Chamber choir was an enormous part of Josee Matela’s experience at Cherry Hill West.
“The ties created from Chamber with these members and years past have continued to withstand not only distance but time,” Matela said.
Through choir, Matela met teacher Rachel Siegel, whom she described as one of her “true role models” and “the most influential teacher” of her high-school career.
“What’s so special about this group…is the character that flows within each of us,” Matela said of the Cherry Hill West community. “We have celebrated together, fallen together, and shared a bond that can only be created with a whole lot of heart.”
Matela feels grateful for the opportunities she’s been given from everyone she’s been “lucky enough to interact with.” She’s headed to Boston University to pursue a career in broadcast journalism, with a focus on international relations.
After competing against 400 other girls from New Jersey in 2015, Justina Snyder of Haddon Heights won a Jersey Girls State Governor title.
Girls State teaches young women responsible citizenship and leadership skills.

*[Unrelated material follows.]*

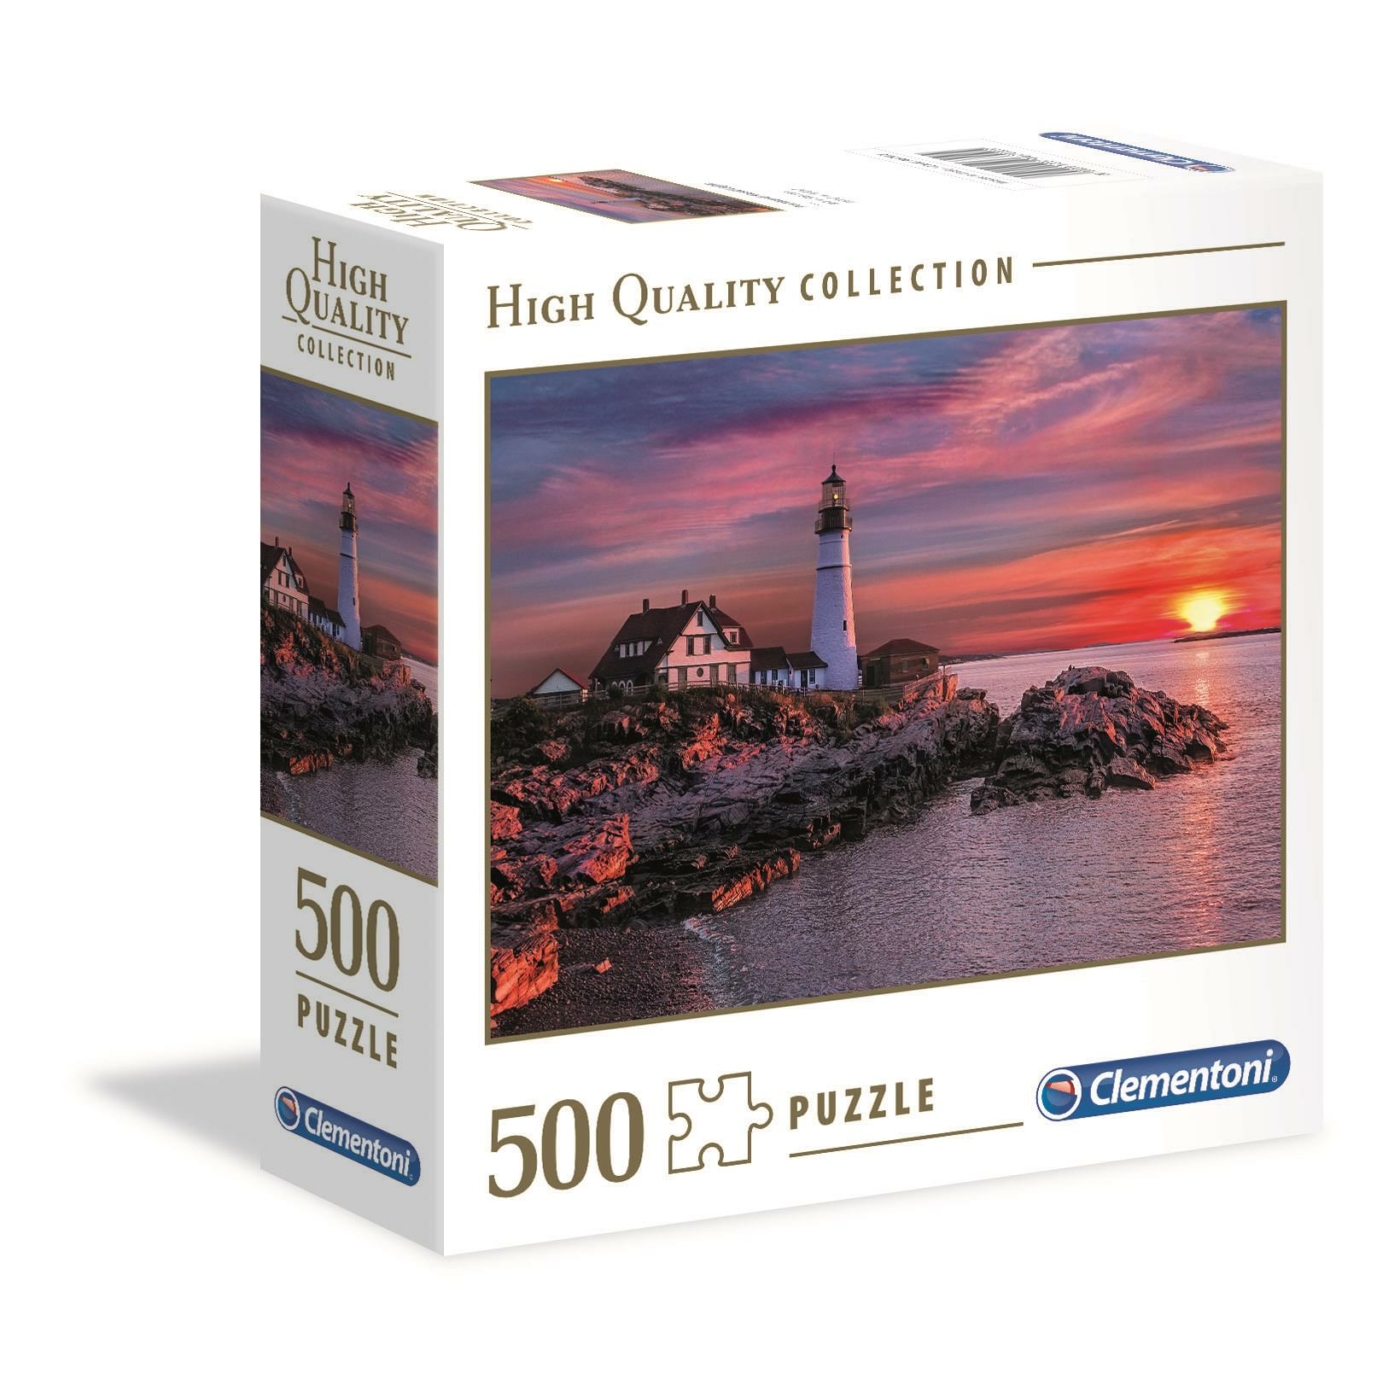 500 db-os High Quality Collection puzzle négyzet alakú dobozban - Naplemente, Portland

Snyder was the first from her high school to win the title, and only the second in Camden County.
Opportunities like this have made her consider what it means to graduate as a woman in 2016.
“If Hillary [Clinton] wins, this presidential election will go down in history because she would be the first female elected,” said Snyder, who met Democratic Presidential candidate Hillary Clinton last month.
“It was fascinating to shake hands with someone of her stature [and]talk about my future,” she said.
Snyder plans to attend Ithaca College in the fall in pursuit of physical therapy doctorate.
To Annie Gossé of Haddonfield, there is no more important message than “be kind.
“I want people to know that I believe the most important thing in life is to always be kind and smile,” Gossé said, urging that conscientiousness, positivity, and friendliness “can only do good.”
Gossé found that kindness in her fellow student council members, whom she described as “some of the most intelligent, charismatic, and innovative students in my school.” She was their president, and Gossé credits their “kindness and hard work” as indicative of what she loves about the larger Haddonfield community.
“Being a member of my community comes with a responsibility to live up to its high standards, but [it is]also an honor to be able to be raised on these standards,” she said.
Gossé plans to study criminology and American sign language at the University of Maryland before eventually attending law school.
In their remarks, each of these members of the class of 2016 remain true to the same overarching message: living in strong communities is critical to their success.
The activities and opportunities in Camden County have given them an overwhelmingly positive sense of place, culture, and belonging, and for that, the futures of these students and their graduating peers looks bright indeed.